Melissa Chadburn | Longreads | April 1, 2019 | 3,024 words
Posted inEssays & Criticism, Feature, Featured, Nonfiction, Story, Unapologetic Women

Honey Bees, Worker Bees, and the Economic Violence of Land Grabs

Melissa Chadburn challenges her own belief that environmental justice issues are reserved for people of privilege.
Don Farrall / Getty, Photo illustration by Katie Kosma

Melissa Chadburn | Longreads | April 2019 | 12 minutes (3,024 words)

This essay was supported by the Economic Hardship Reporting Project, a journalism nonprofit organization.

“One bad thing about me is that I don’t give a shit about the environment.” That’s what I told my smart, edgy friend when we were walking to get coffee one day. I admitted that I suck at recycling, and that what I care about is workers, “not like, being vegan and shit.”

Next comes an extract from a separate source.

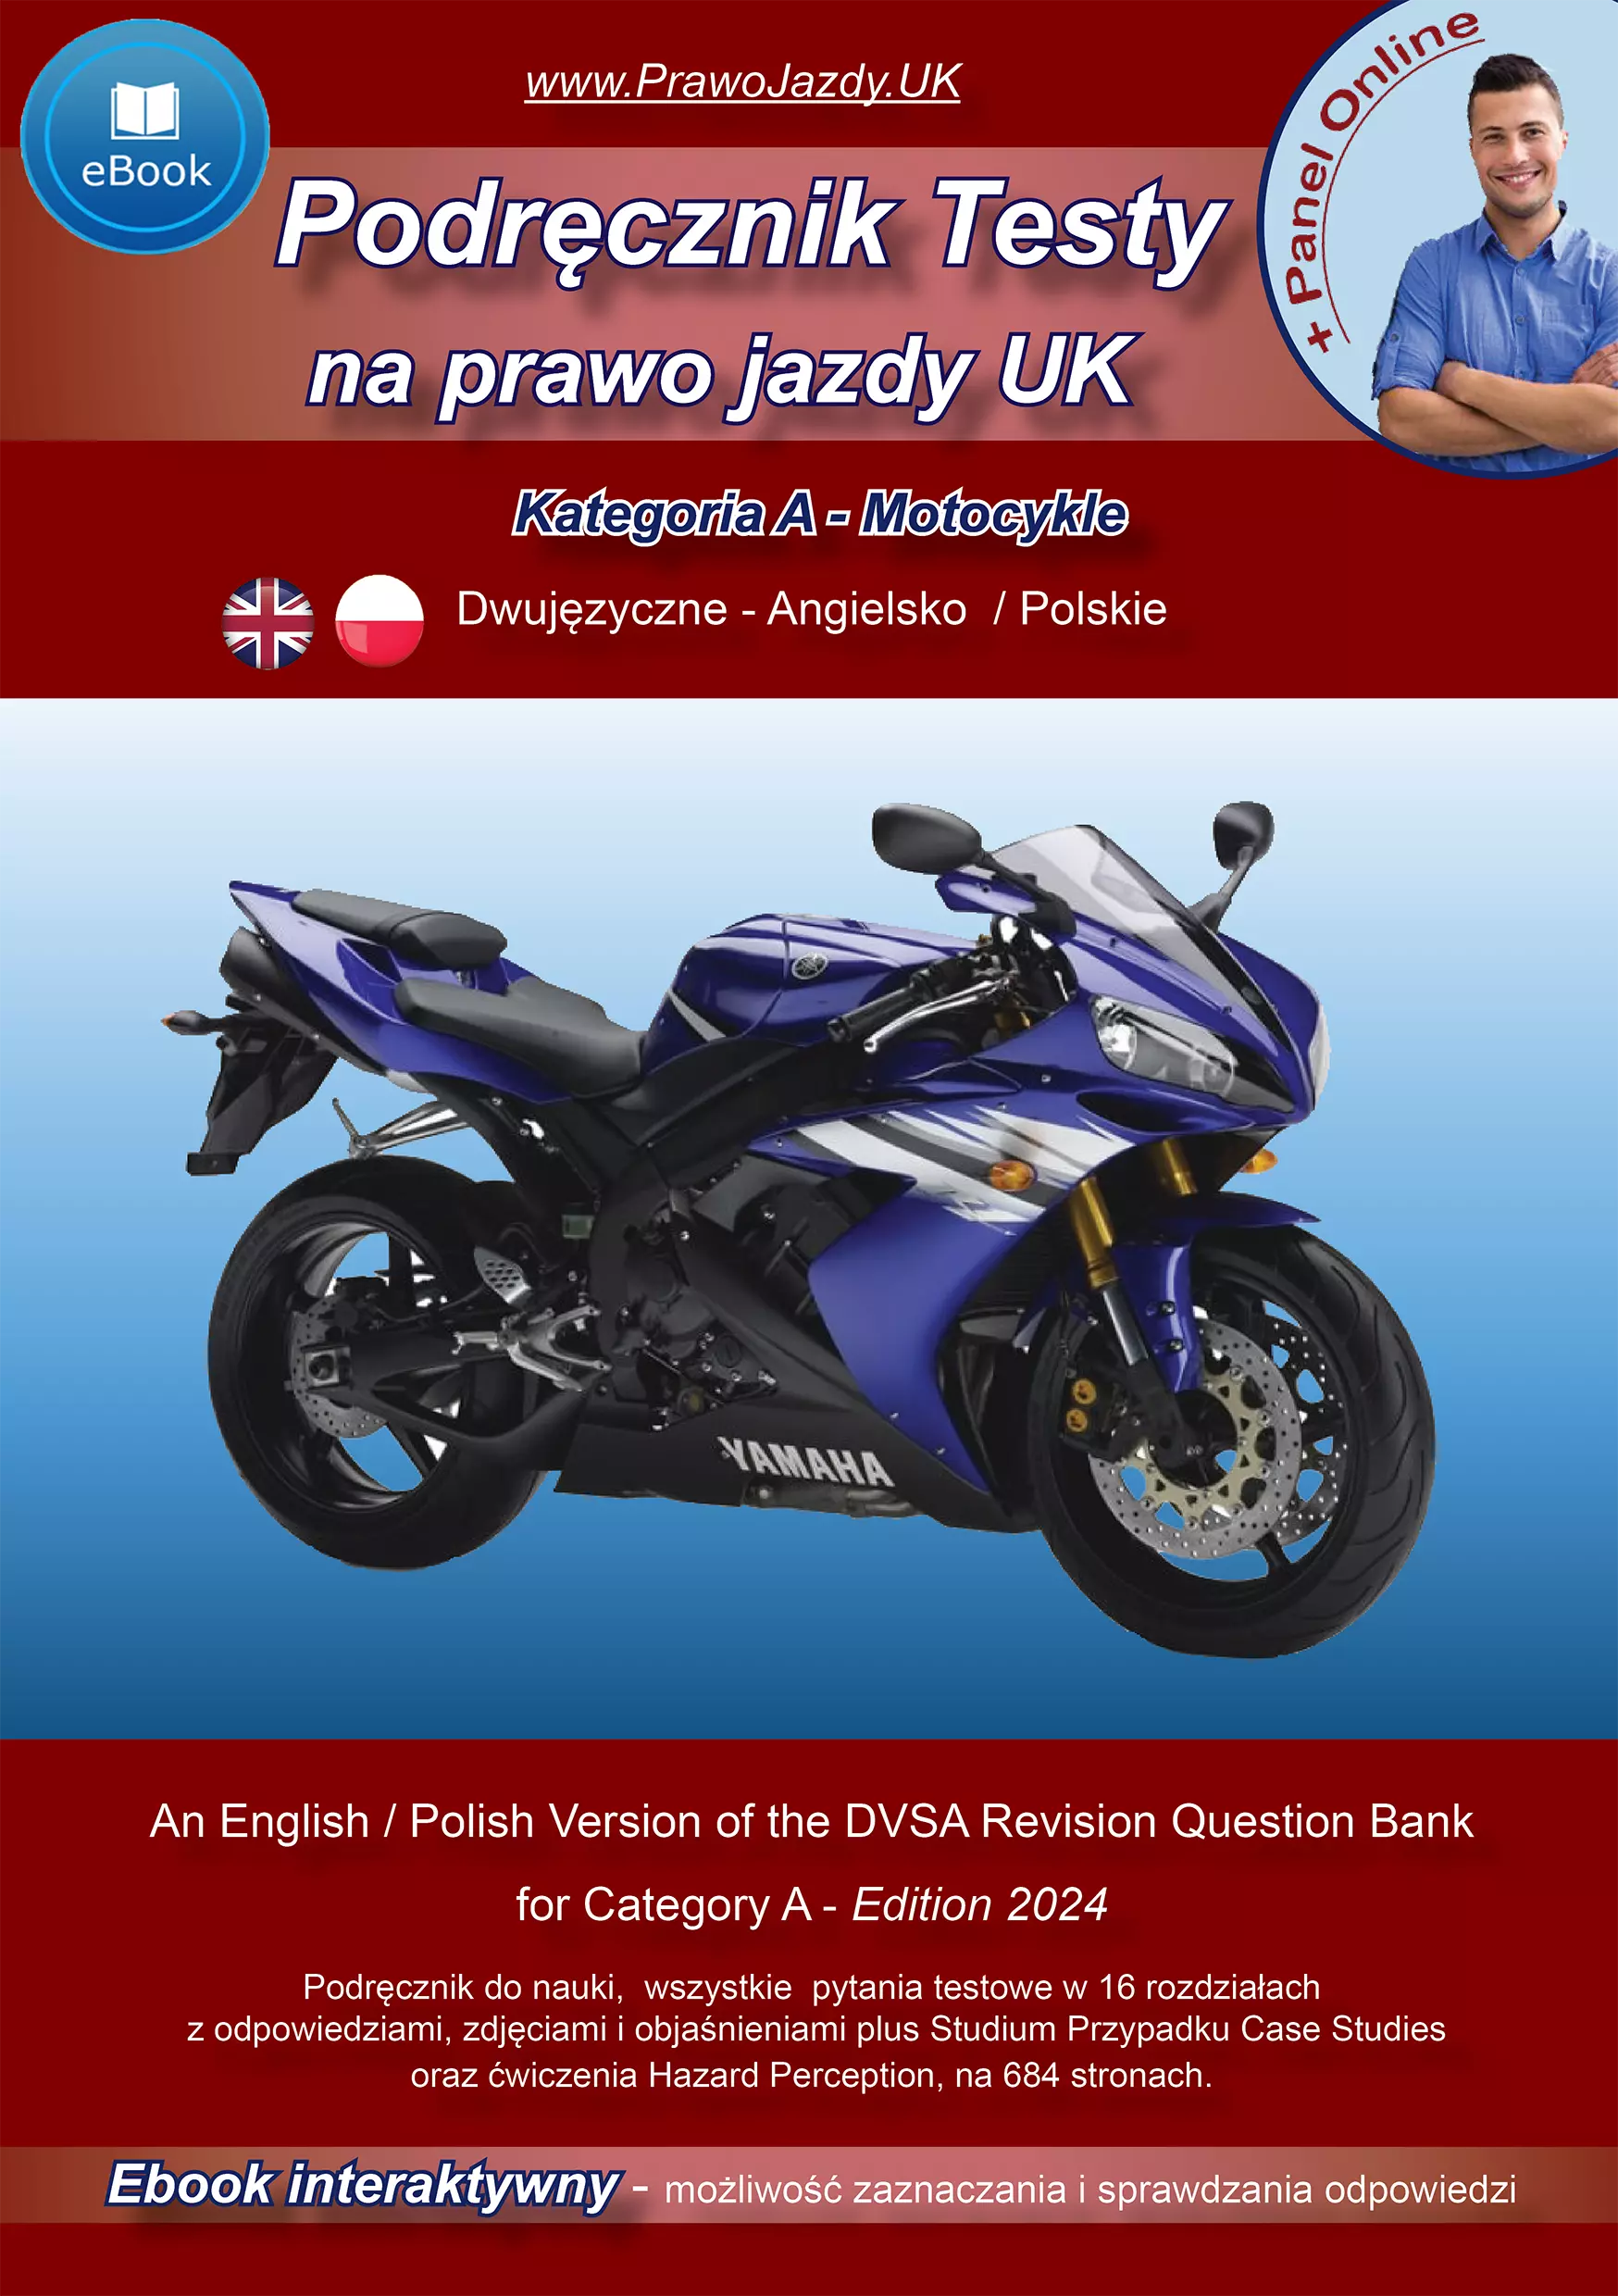 Dwujęzyczne Angielsko - Polskie Testy na prawo jazdy w UK Motocykle

“Yea fuck those bumper stickers with the panda on them,” she replied.

The truth is I didn’t think those worries were for me, the type of planning and research it takes to be green. That was a concern for people living a different quality of life, people who carried around large glass bottles filled with distilled water, ladies in lululemon pants who consistently applied Burt’s bees lip balm, ate cacao energy balls, and drove hybrid vehicles. No, caring about the planet was off limits for me.